Brussels: Several hundred supporters of the Iranian opposition demonstrated against the deal with Iran, which will possibly allow the extradition of convicted Iranian terrorist Assodollah Assadi in exchange for the prisoners of Belgium in Iran.
According to the National Council for the Resistance in Iran (NCRI), the opposition group that organised the demonstration, about 2,000 demonstrations came together on Thursday morning. At the same time, the local police mentioned that there were 8—protestors says the reports.
In the previous week, the Foreign Relations Committee approved the controversial bill that would allow Belgium and Iran to exchange prisoners. Critics said the deal was set up to release Iranian diplomat and terrorist Assodollah Assadi, who was sentenced to twenty(20) years in Jail in Belgium for planning a bomb attack in Paris.

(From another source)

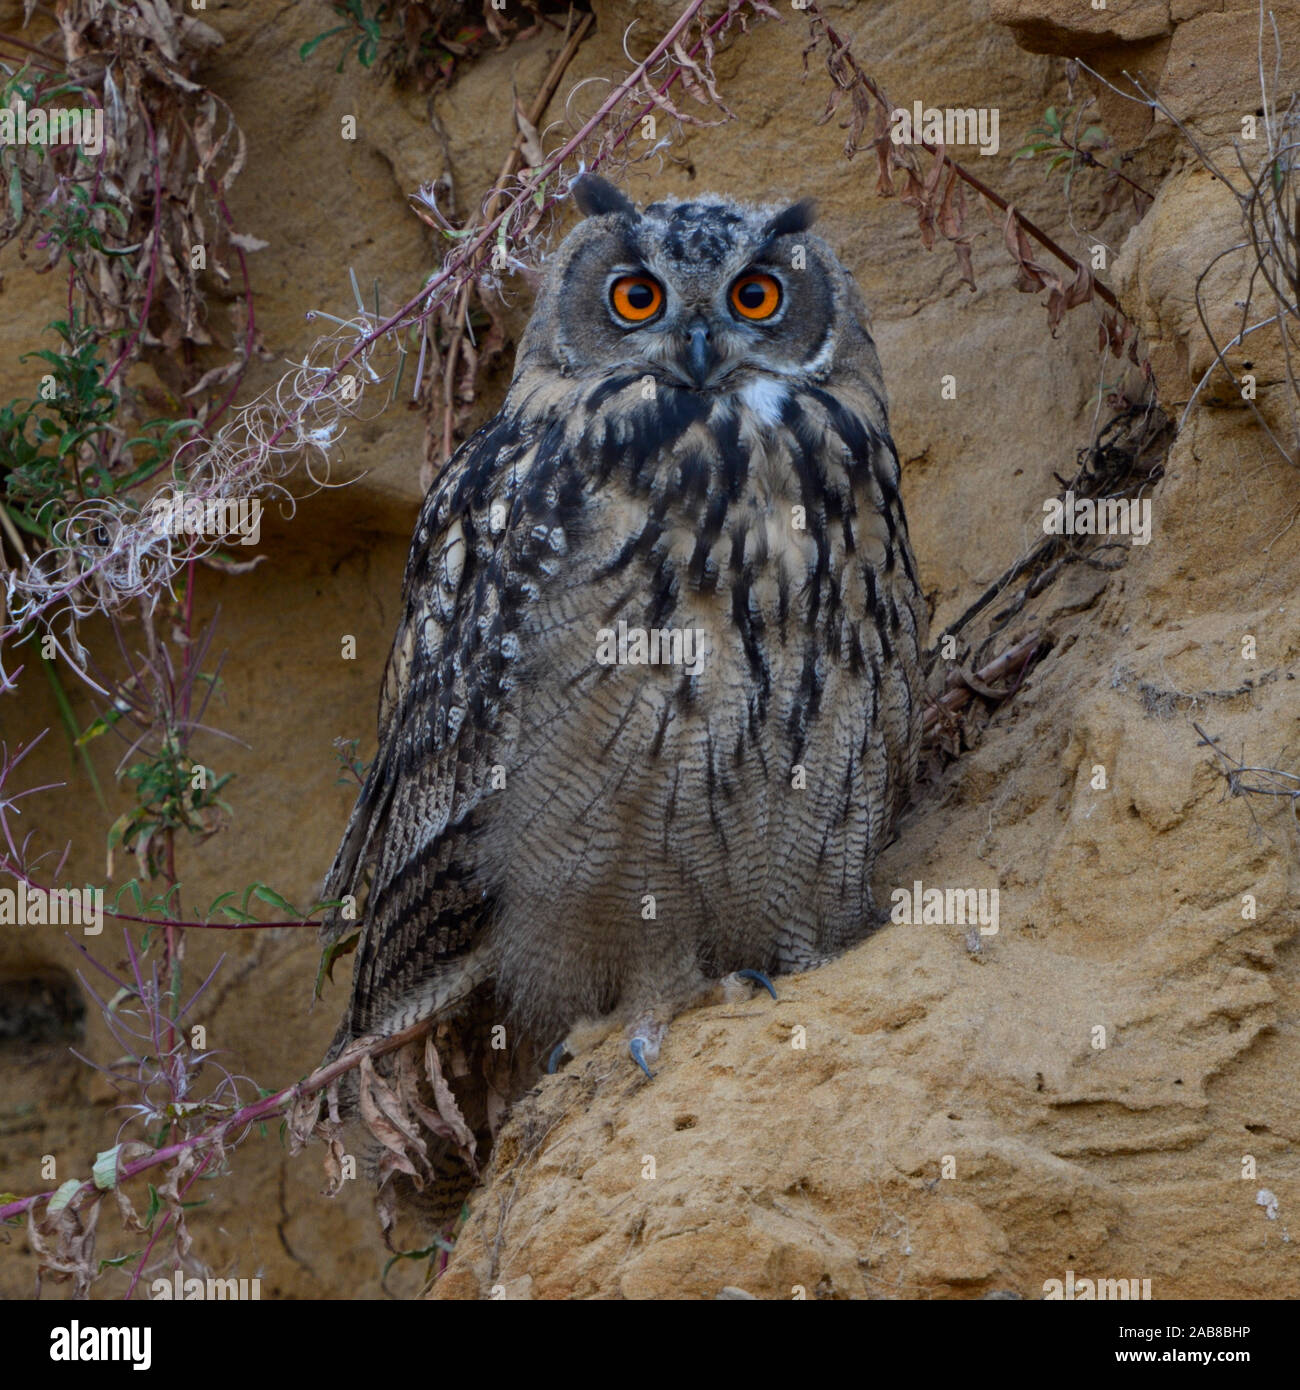 Grand / Owl Bubo bubo Europaeischer Uhu ( ), jeune oiseau, assis dans une falaise de sable, regardant directement, mignon, de la faune, de l'Europe. Banque D'Images

Moreover, Swedish-Iranian VUB professor Ahmadreza Djalai is on death sentence in Iran, and Belgian NGO worker Oliver Vandecasteele has been imprisoned without charge. The Iranian opposition calls this “hostage diplomacy”, where Iran hostages from nations where Iranian terrorists have been convicted in order to bring them back into the country.
The NCRI gathered in Surlet de Chokier Square, a stone’s throw away from the federal parliament, to protest the bill, which will be on the agenda of the plenary meeting next week.
Along with this, the leader of the NCRI, Maryam Rajavi, is mentioned as having been Assadi’s main target in Paris. She called the negotiations with the Iranian regime over hostages “one step forward and a hundred steps back”, as “any European and American citizen in Iran could become the next hostage.”
MP’s Koen Metsu of Belgium and Theo Francken showed their support for the Iranian protestors, as Francken pressured opposition MPs to “vote against, abstain or simply not show up for the vote”. Calling the situation a “moral dilemma”, he is concerned that a deal with Iran would encourage the regime to jail even more innocents or deal with dissidents.
The majority of the protestors were also presented in Paris at the time Assadi was supposed to carry out his attack, as to NCRI member Behzad Naziri. “They counted on Belgium as a constitutional state,” he mentioned in the statement. “They didn’t think a religious dictatorship could dictate its will. Because that’s what’s happening right now.”